— А дальше, Матвей, ни молочных рек, ни кисельных берегов не будет. Но та же земля без перетасовки, в одних трудолюбивых руках будет давать больше хлеба. Появятся машины у мужиков. Мы сделали первый шаг к облегчению нашего труда. В других странах это поняли давным-давно, а мы не поняли, да и понять не хотим. Машины, Матвей, выведут нас из состояния нищеты, темноты и рабства. Только машины.
— Я, Семаха, года два продал на вашу Мурзинскую ферму кобылу с сосунком — хорошая кобылка была, до сих пор жалко. А продал куму по горькой его нужде, и оставил он меня погостить. Что ж, видимся редко, дай, думаю, поживу и погляжу на хорошее обзаведение. Как ты говоришь, так оно и есть, кругом железо: плуги, бороны, сеялка, веялка, молотилка. Грабли, язви их, и те из гнутой проволоки. А сейчас, поди, и того больше. Да что ж, солому даже парят в железных бочках.
— Так плохо ли?
— Ты погоди. Сам собьюсь. Солома, думаю, все-таки не от сытой радости в железо-то сподобилась. Машины, говоришь, машины, а что от них цветет на вашей ферме? Поля запаршивели, в сорняках. Покосы заросли дурью. Скотина — тоже не сказать, чтобы уж казистая какая. Урожаи — дай бог семена собрать. Ну не так, что ли?
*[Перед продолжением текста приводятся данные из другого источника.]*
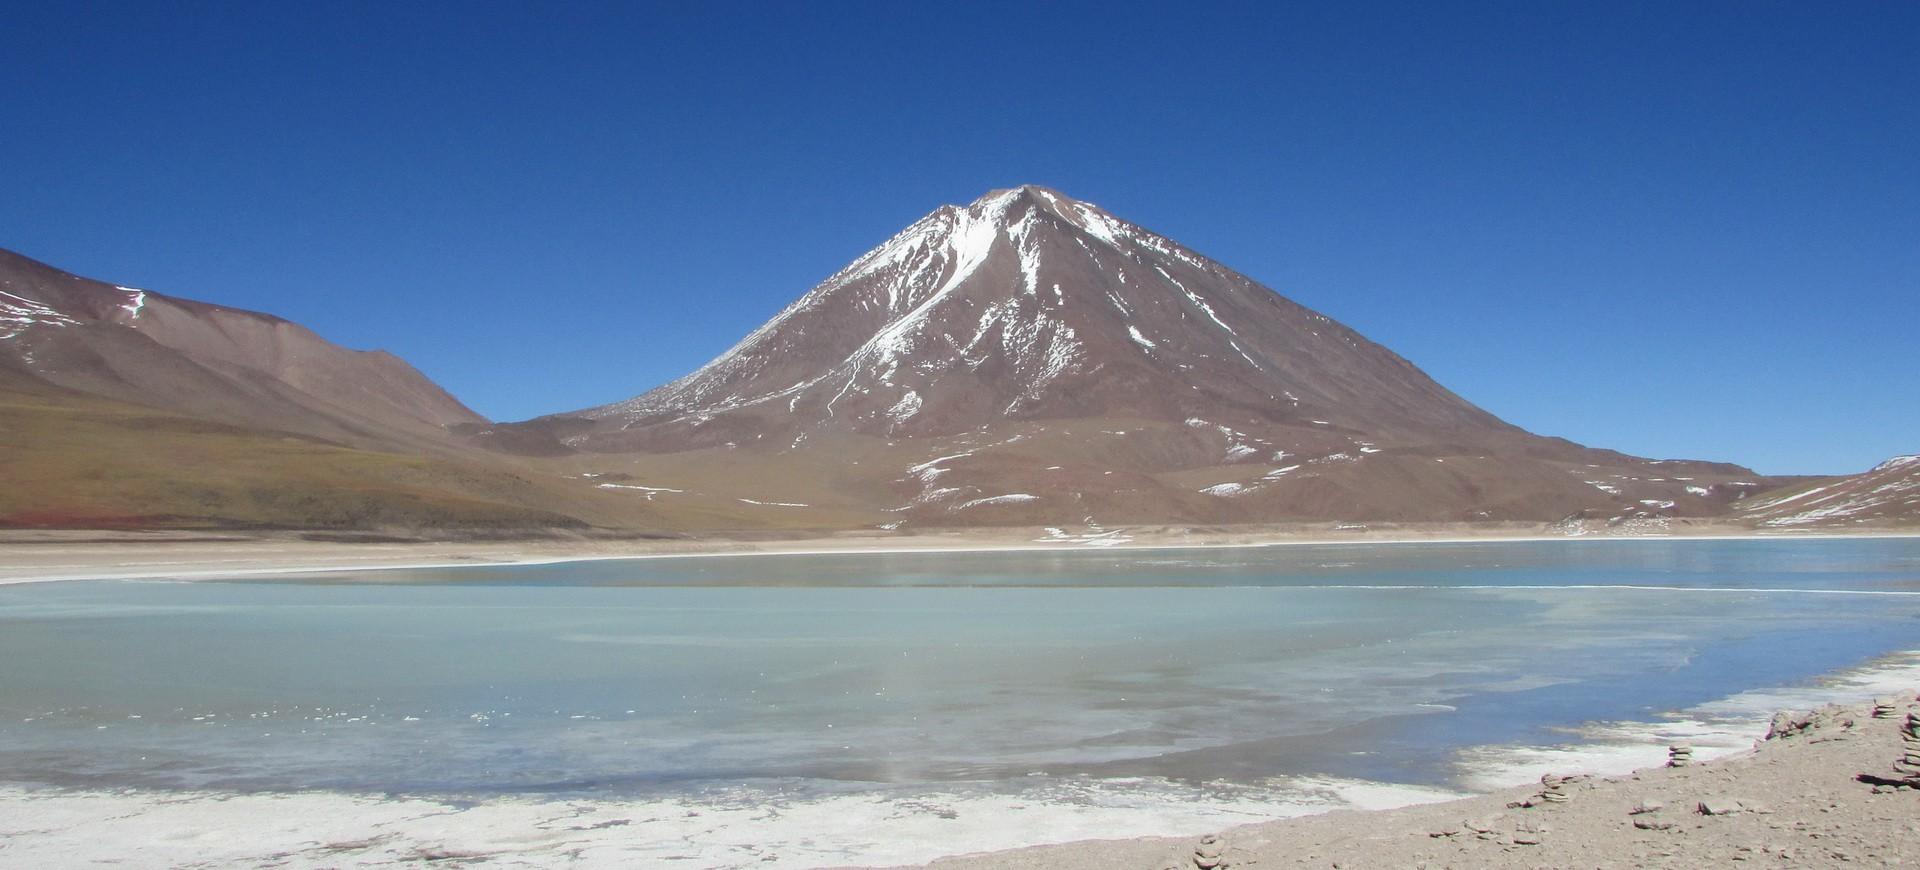 Le lac Laguna Verde au pied du Volcan Llicancabur en Bolivie

— Все так, Матвей. Почти так. Сам думаю об этом день и ночь. Мучаюсь. Но от машин не откажусь. Не будет у нас техники, Матвей, — вечно останемся жить в темных избах, питаться будем картошкой и плодить рахитов. Взять теперь ту же охаянную тобой Мурзинку. Прав ты, ничего в ней не цветет. Однако люди, Матвей, смотрят на белый свет куда веселее, осмысленней, чем наши, межевские. Бабы почти не жнут серпами, молотильных цепов и в помине нет. Плугом легче и глубже можно вспахать поле. Так это, Матвей, или не так?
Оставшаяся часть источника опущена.